▶ What to work on: In the data below, find the line containing "Estee Lauder Logo Transparent Background PNG" and the line containing "Wardrop Engineering Inc", then reproduce them and every line between, exactly. Omit pictures.

▶ Data for the task:
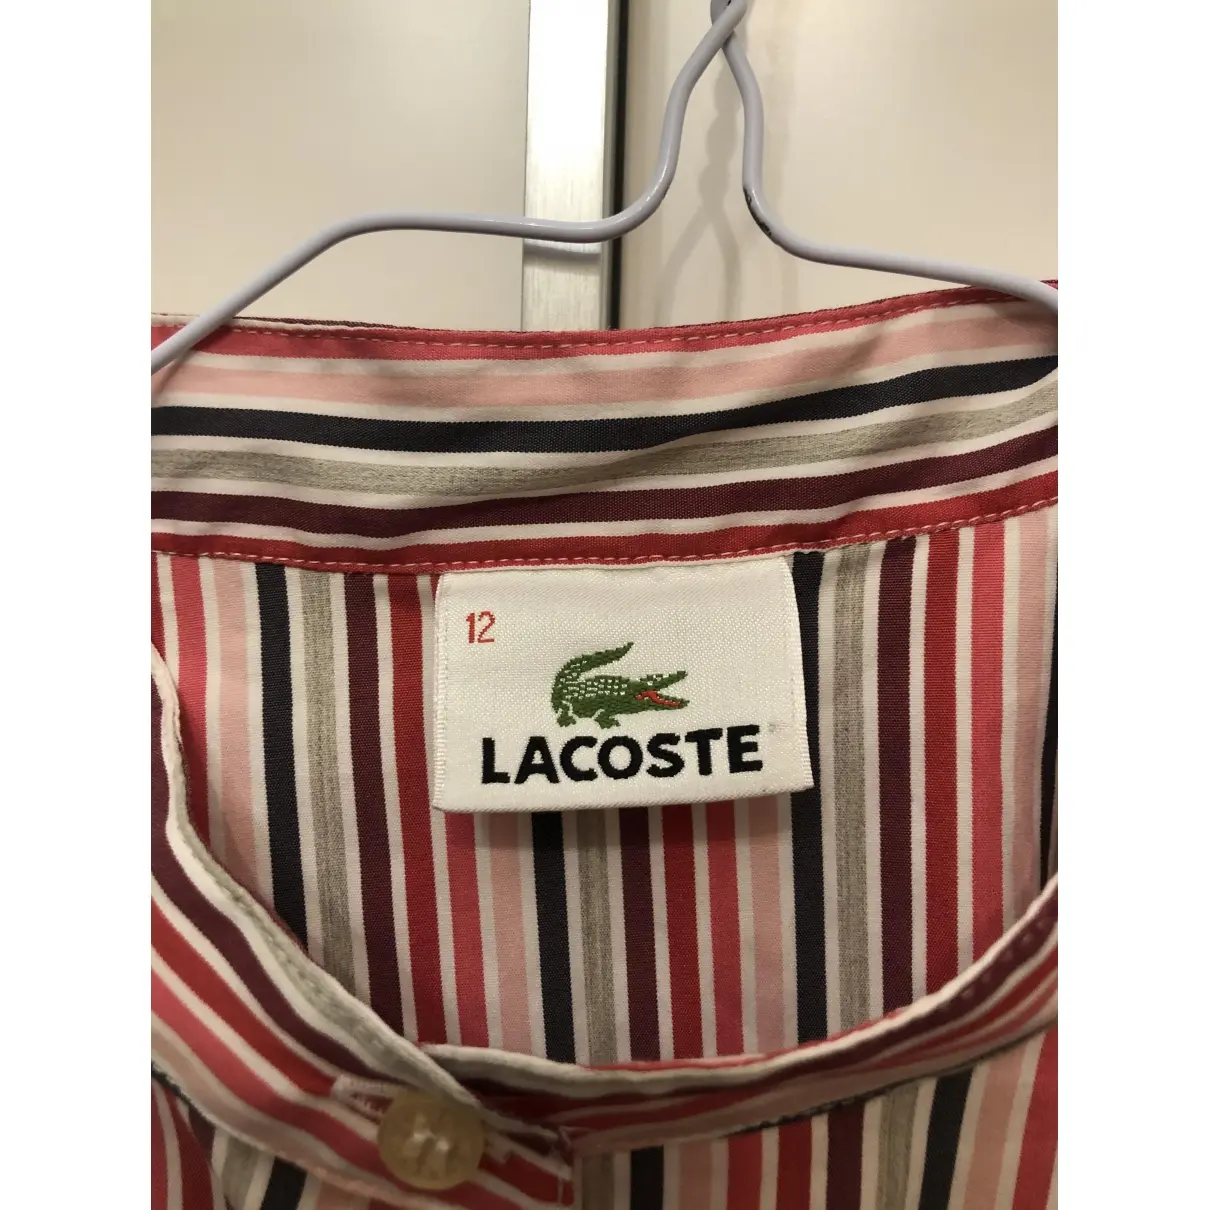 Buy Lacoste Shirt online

==

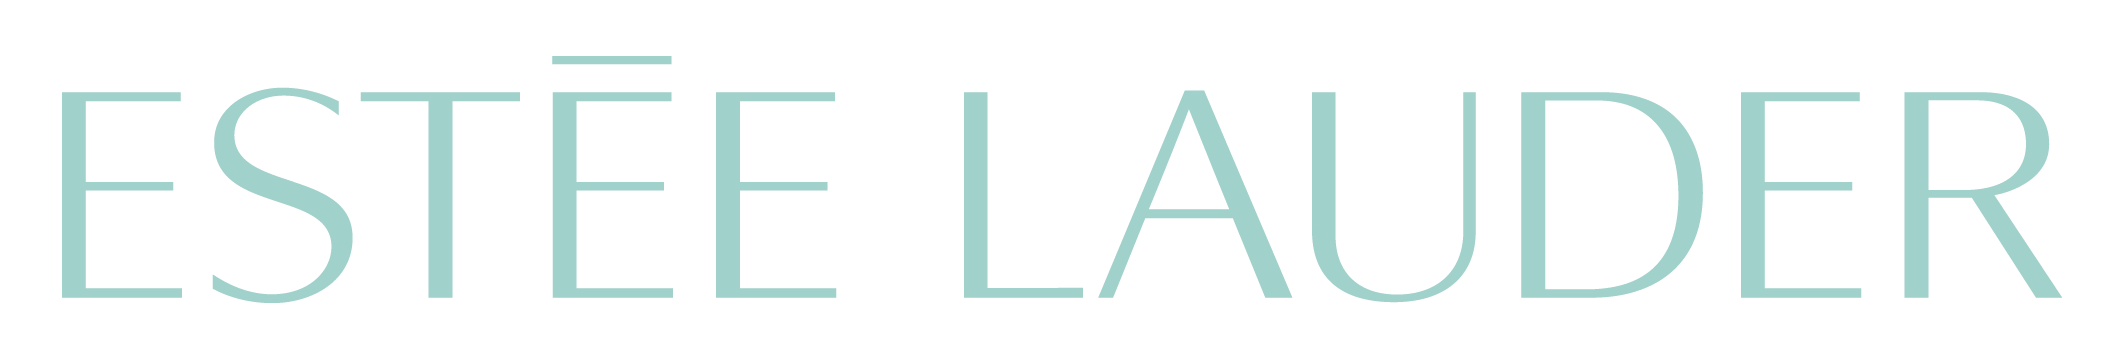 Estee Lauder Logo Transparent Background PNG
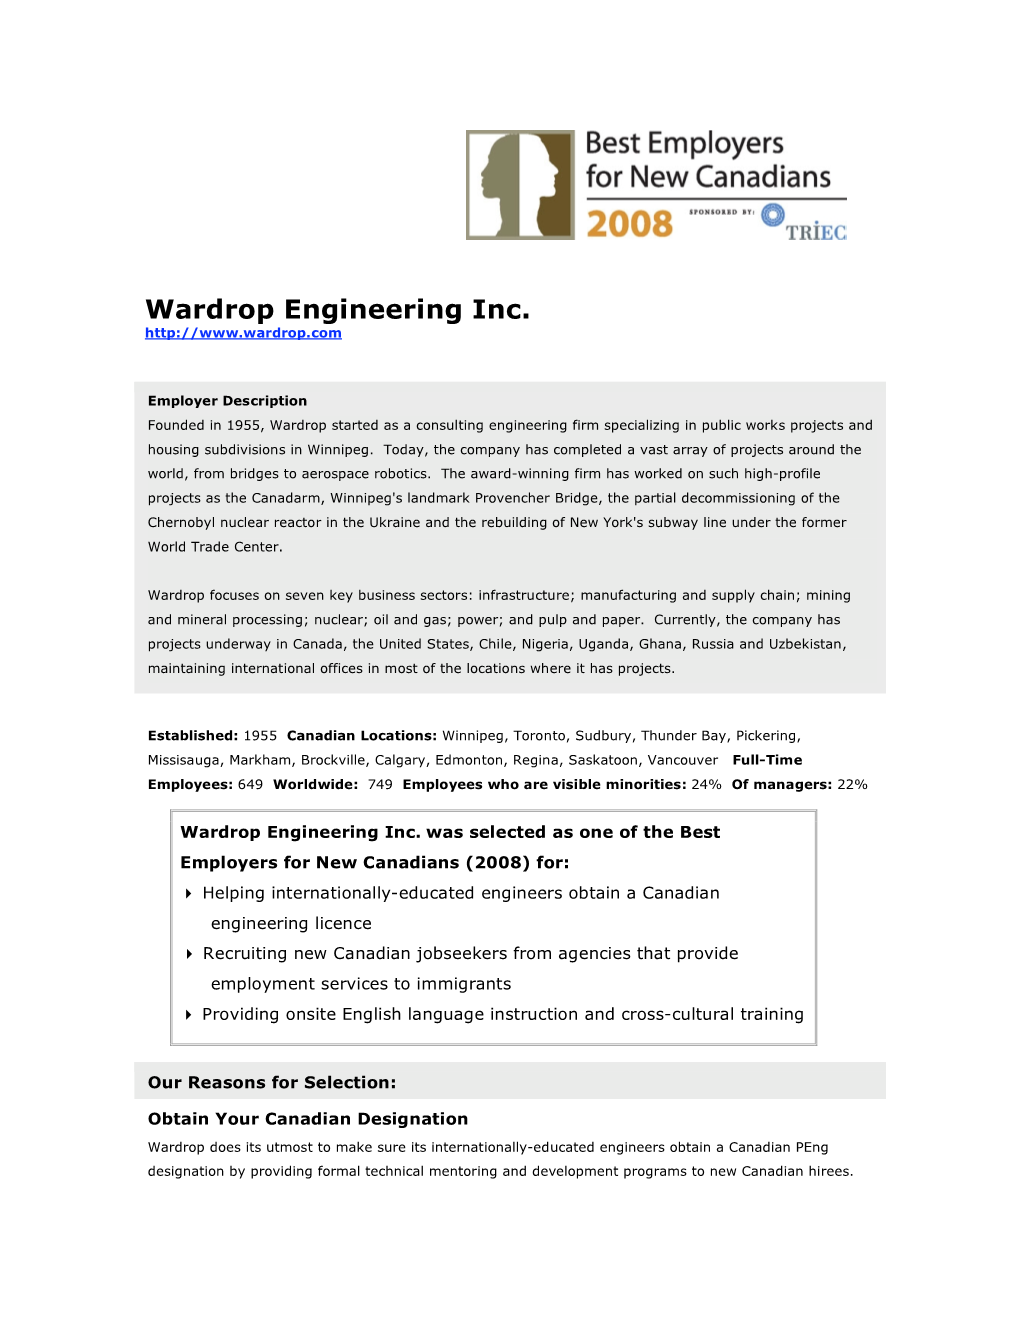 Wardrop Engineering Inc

==

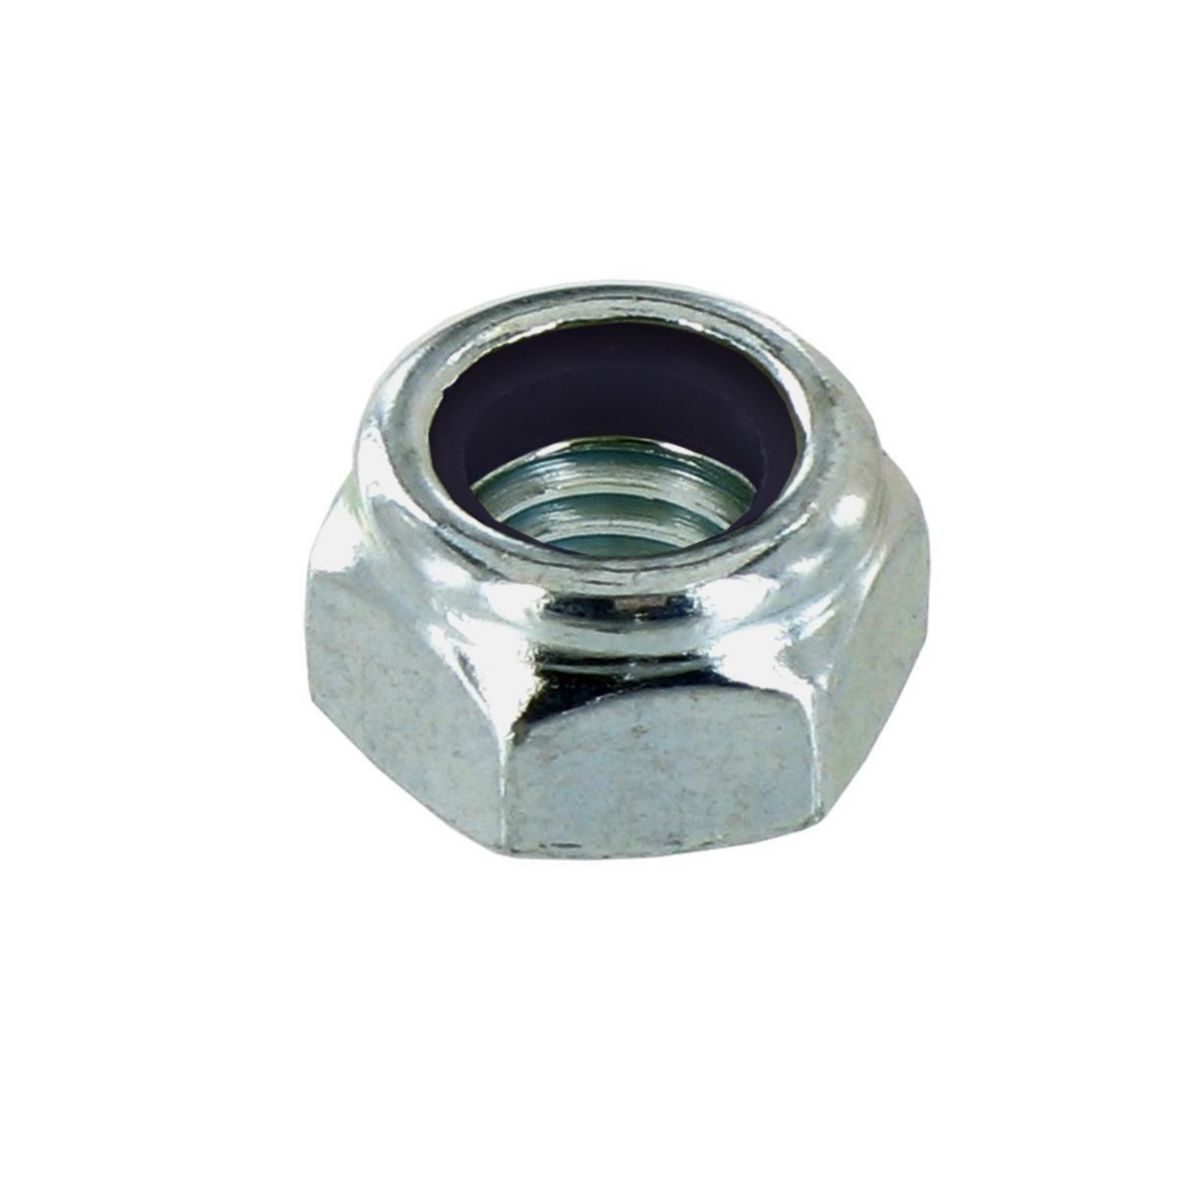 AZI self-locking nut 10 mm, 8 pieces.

▶ Solved exercise:
 Estee Lauder Logo Transparent Background PNG
 Wardrop Engineering Inc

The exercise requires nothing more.